Domestic violence can have a wide range of effects on the children who experience it. They may respond with frustration and tears, withdrawal or nervousness. The child's age, the duration of the incident and his or her proximity to it can all impact the reaction. If you are a Tennessee parent caught up in a violent scenario at home, knowing how to talk to your children about what is happening may be helpful.

First, it is important to recognize the long-term effects of domestic violence on kids. The National Child Traumatic Stress Network explains the signs you may see in children when they experience a violent home life. They are more likely to become depressed, suffer from anxiety, have ongoing health concerns and endure low self-esteem. Children exposed to domestic violence also have a greater chance of becoming violent toward others and themselves, increasingly expressing a desire to commit suicide.
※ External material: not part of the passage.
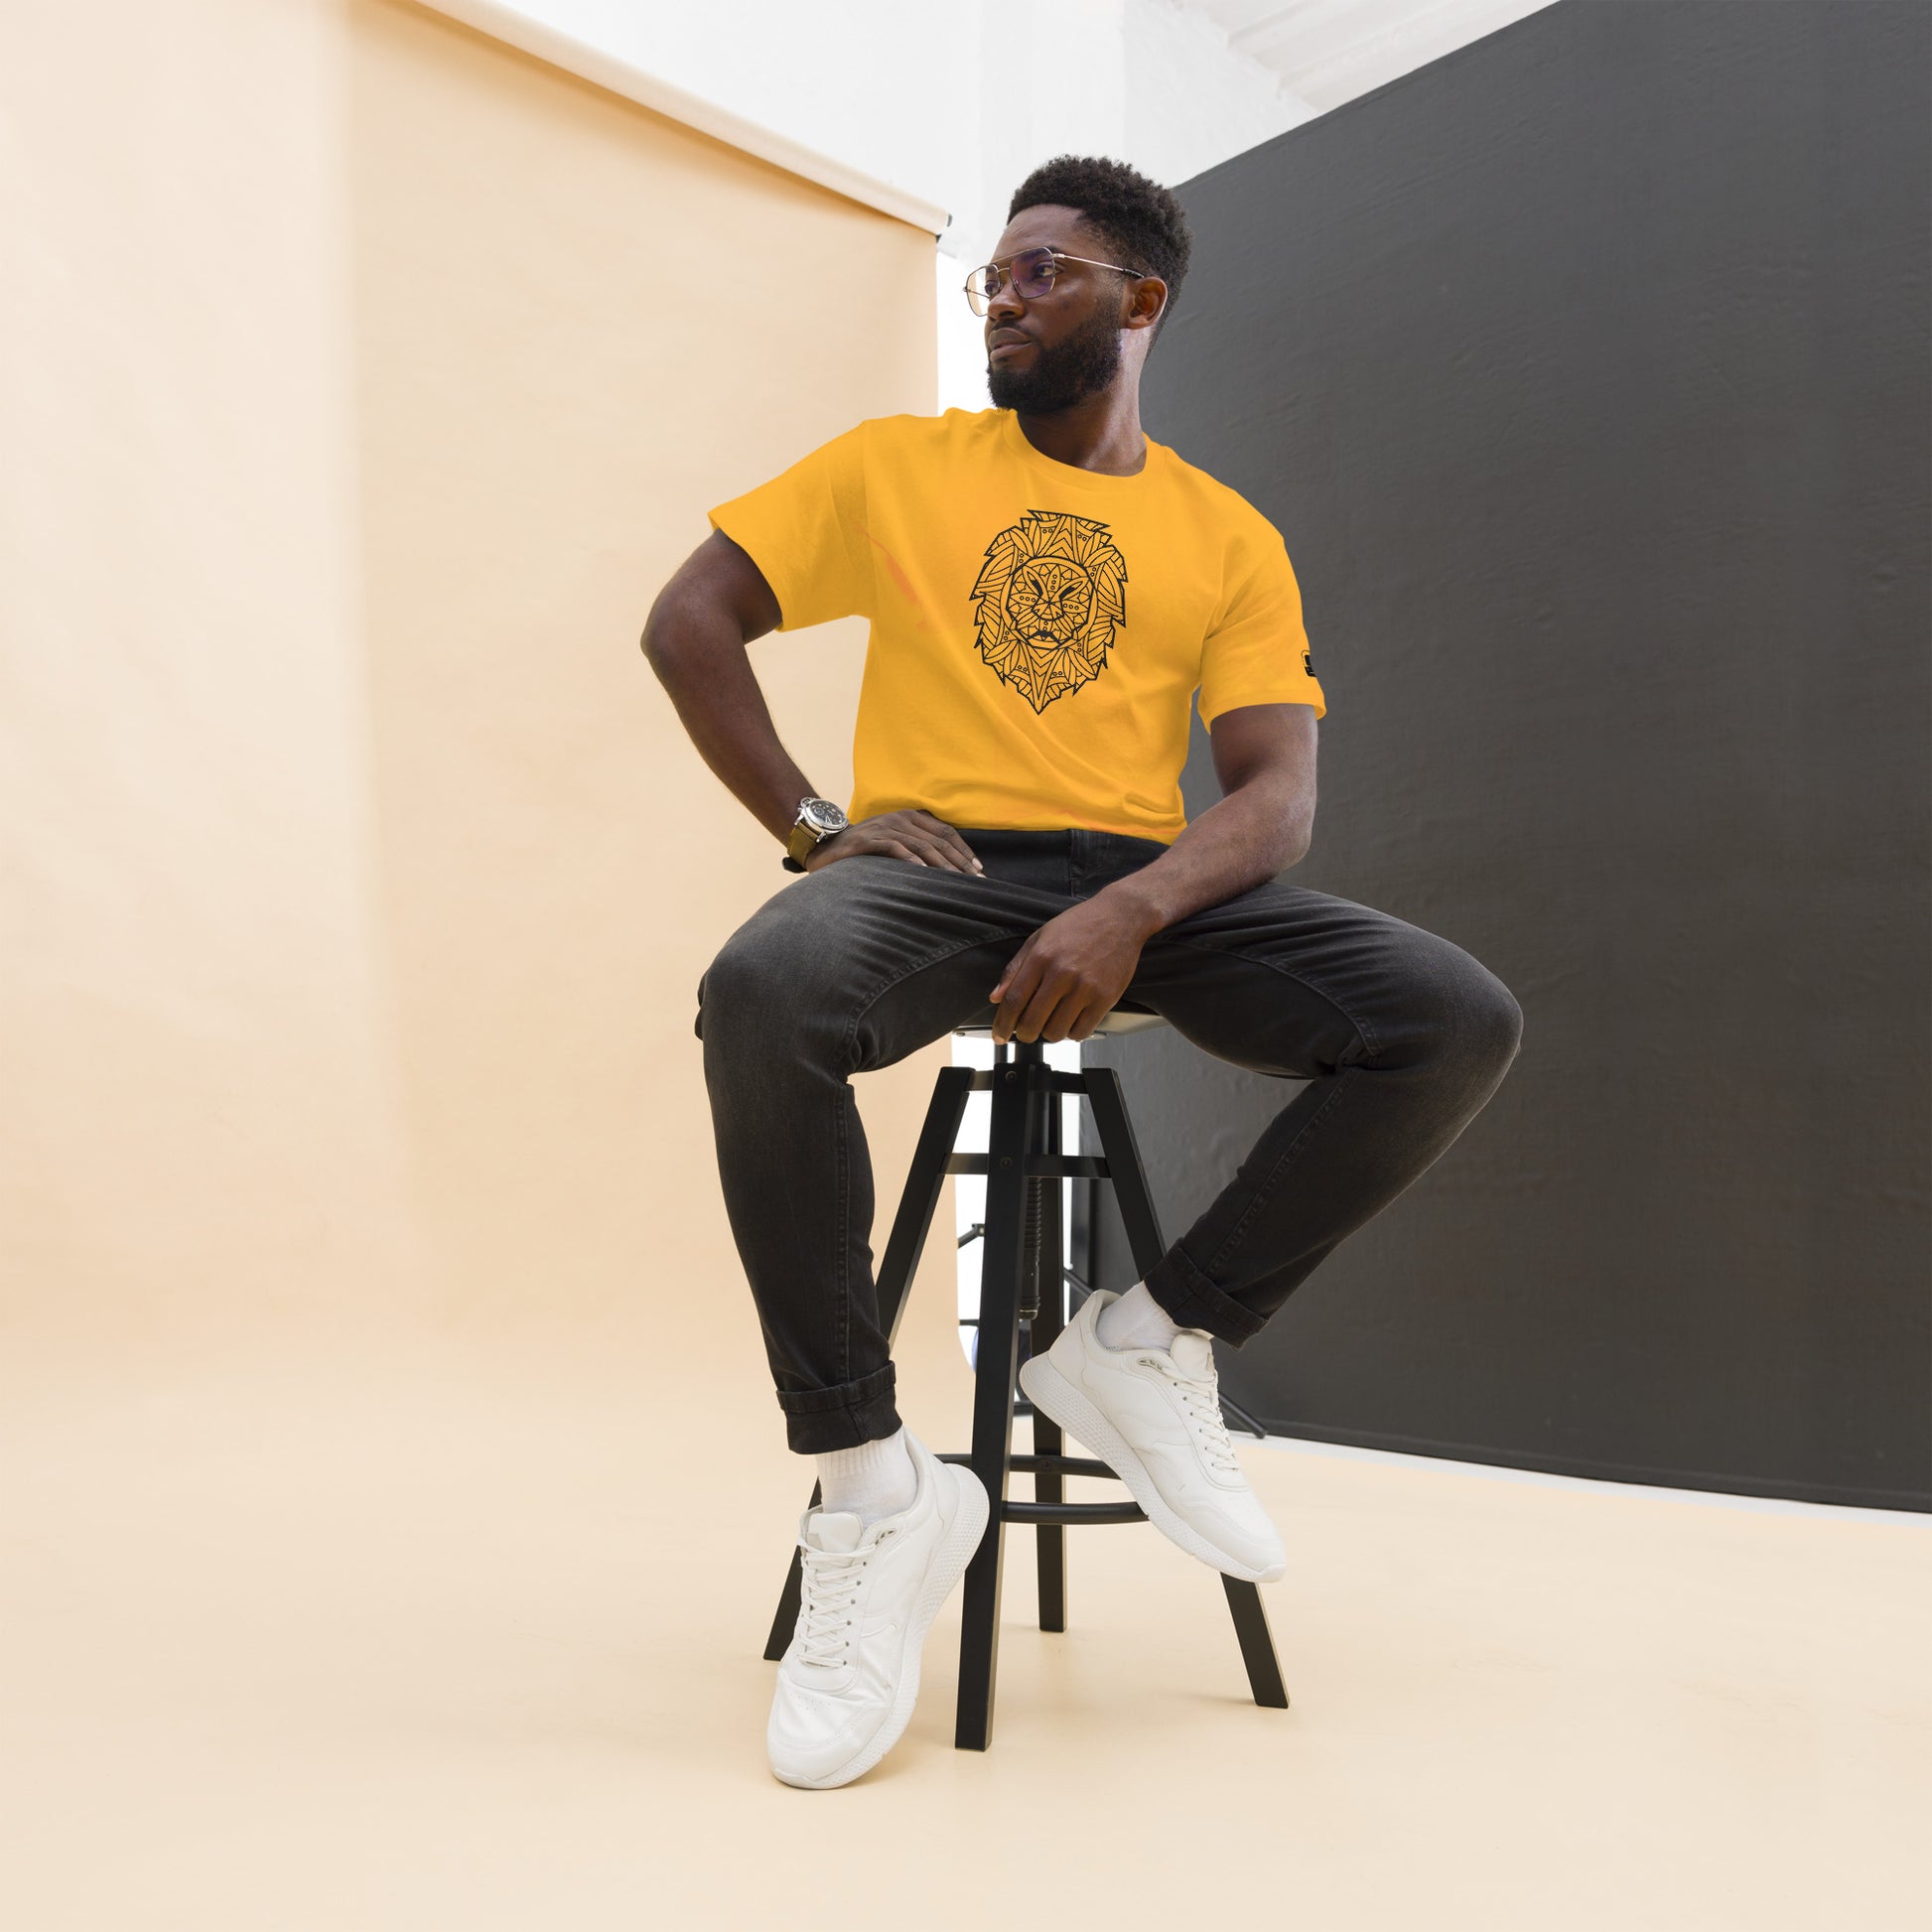 Stylish man in glasses perched on a stool, sporting a mustard yellow t-shirt with a bold black lion head graphic, paired with dark jeans and white sneakers, in a room with contrasting beige and black walls.

Other signs you should be on the lookout for include:

  • Difficulty sleeping
  • Trouble in school
  • Antisocial behavior

If you see these signs in your children, the NCTSN also offers guidance on how to help them recover. Kids need a "positive, caring, and protective adult" in their lives in order to feel safe. The NCTSN says a long-term relationship of this nature is best, but if kids have brief encounters with caring mentors, teachers, or other advocates, they have a greater chance of recovering from the effects of the violence they have experienced.

Finally, according to the NCTSN, children need to talk about what happened, and they need to hear "key messages" from you, such as:

  • "'It is not your fault.'"
  • "What you saw was not okay."
  • "Violence is never okay."
  • "I'm sorry you had this experience."

Kids who witness domestic violence need strong support to guide them to recovery. They should hear firsthand from you that they are not responsible to fix the problems in your home. 

This information does not intend to provide legal advice but to educate about the effects of domestic violence on children.